Coal is—and likely will remain for quite some time—China’s primary way of powering its growth. However, changes are definitely underway. Using coal market patterns as an indicator of China’s progress, CAP’s issue brief shows a dramatic shift in recent years. These changes include:
- Chinese coal consumption fell 2.9 percent in 2014, marking the first fall in consumption in 15 years.
- China’s coal imports fell 11 percent in 2014 and are down 37 percent thus far in 2015.
- In 2014, Beijing shut down over 1,000 coal mines, 5 gigawatts of thermal power capacity, and 55,000 small-scale coal-fired industrial boilers to reduce coal pollution.

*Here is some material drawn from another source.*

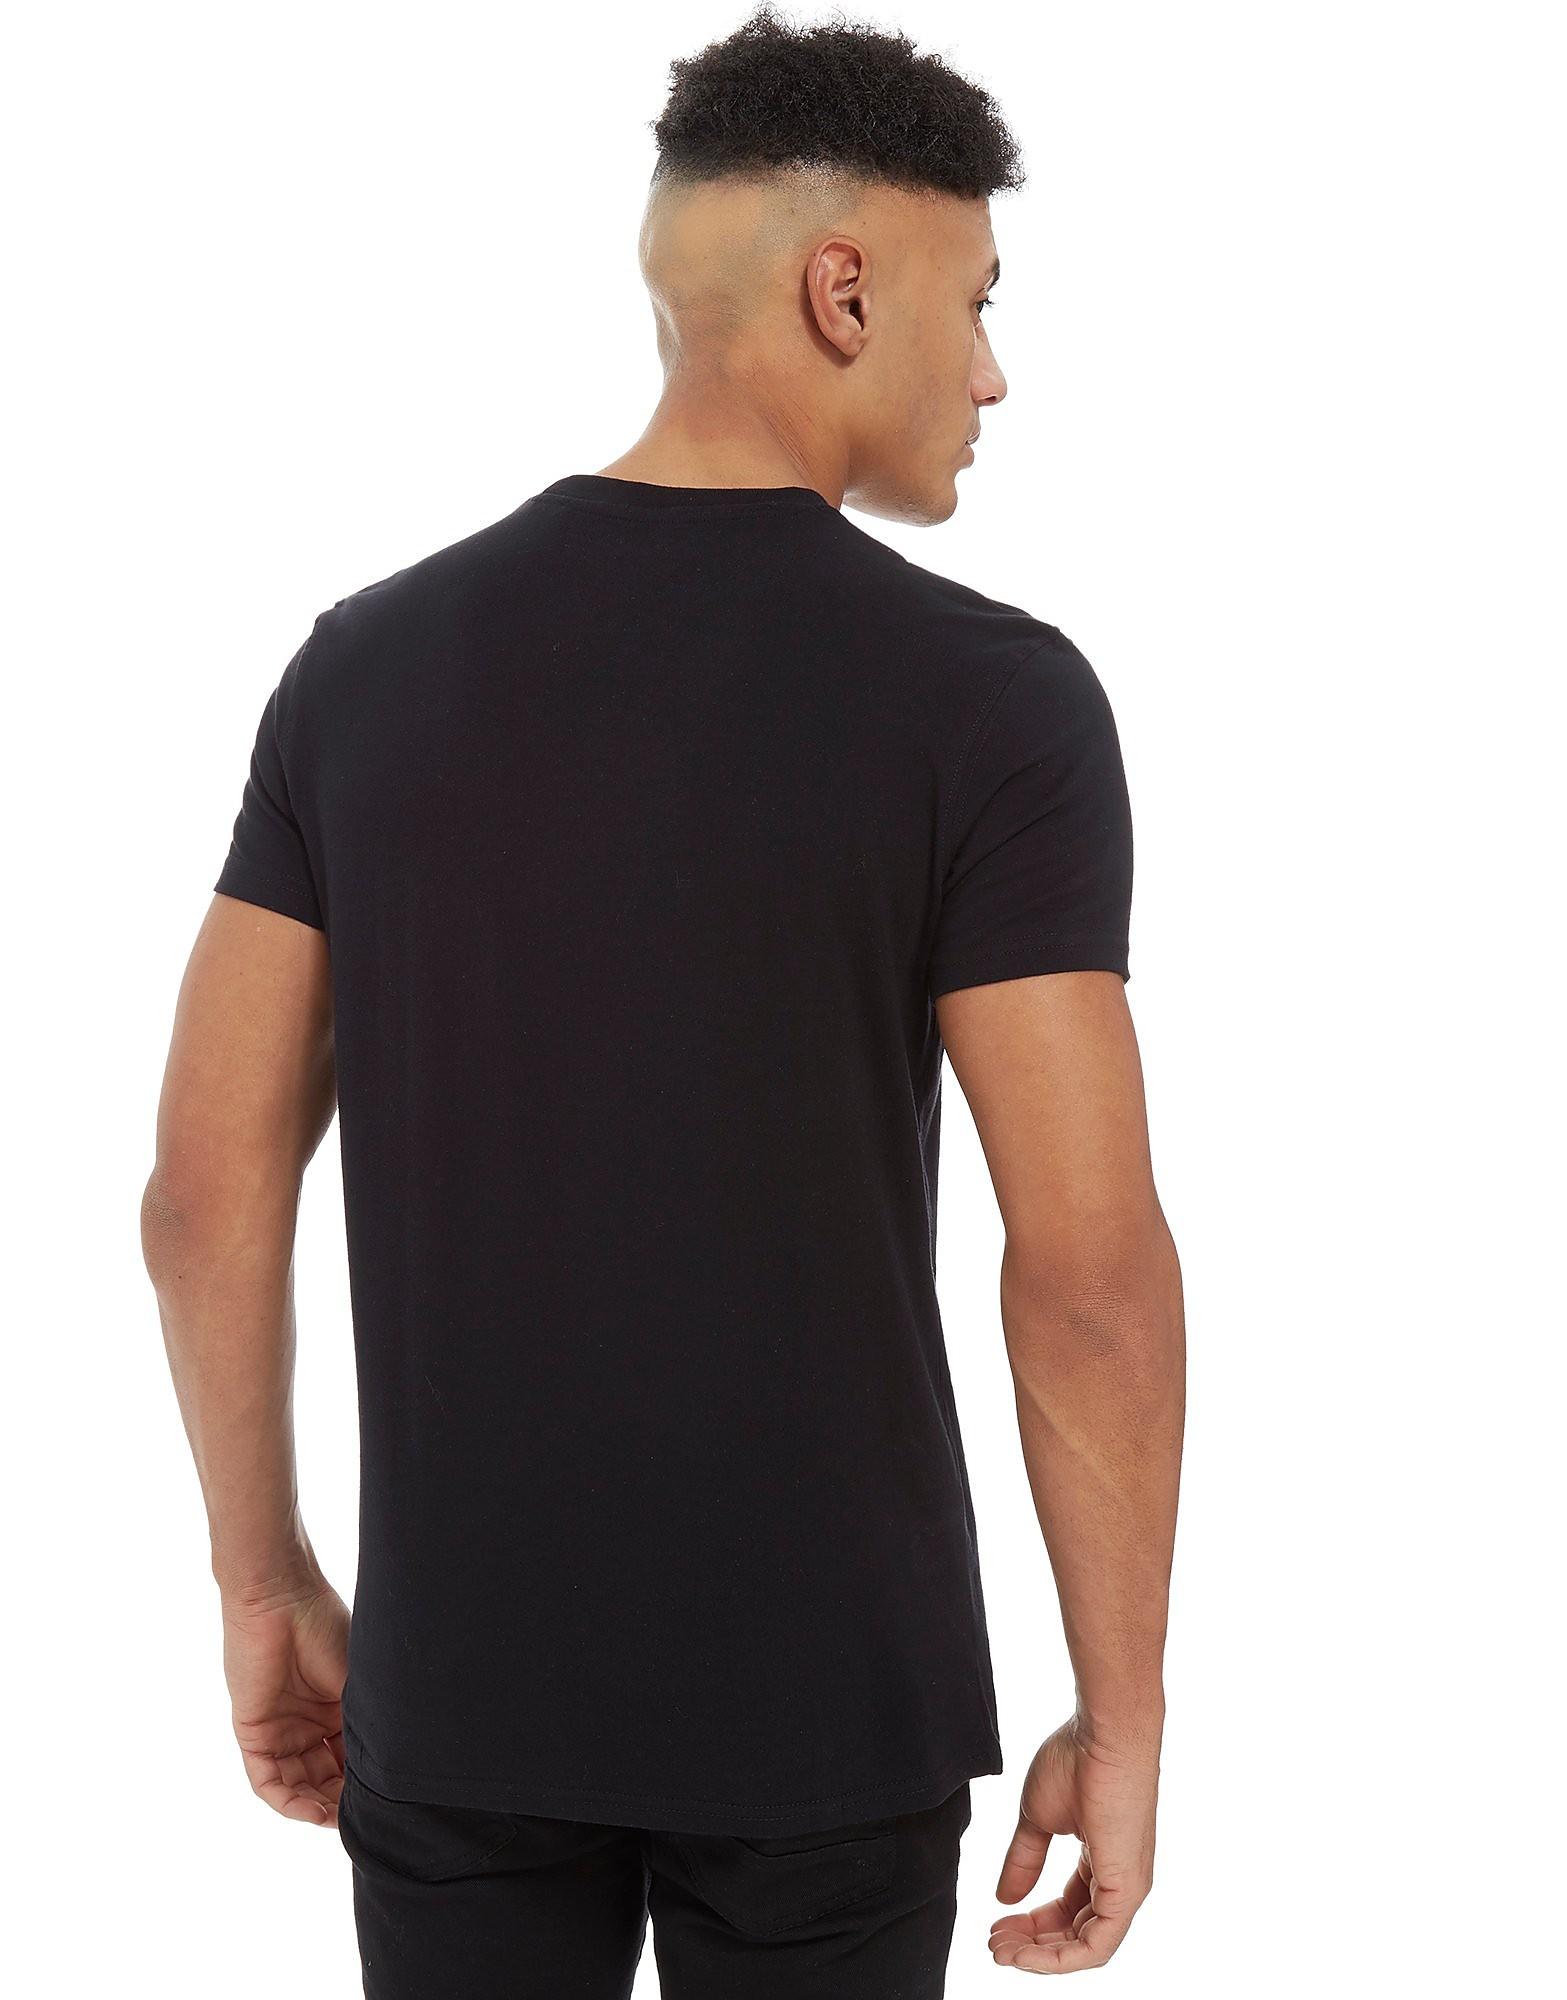 McKenzie Chase T-Shirt

- At the regional level, Beijing is rolling out fast-track provincial- and municipal-level coal-control and emission-reduction policies that are putting some Chinese provinces and cities on a path to peak emissions as early as 2020 or 2022. The regions covered under this program account for over 66 percent of the nation’s gross domestic product, or GDP.
- China now has over 444 gigawatts of renewable energy capacity—which is more than the combined total 2012 electricity generation capacity of Japan, Indonesia, and the United Kingdom—and around 40 percent of total 2012 U.S. generation capacity.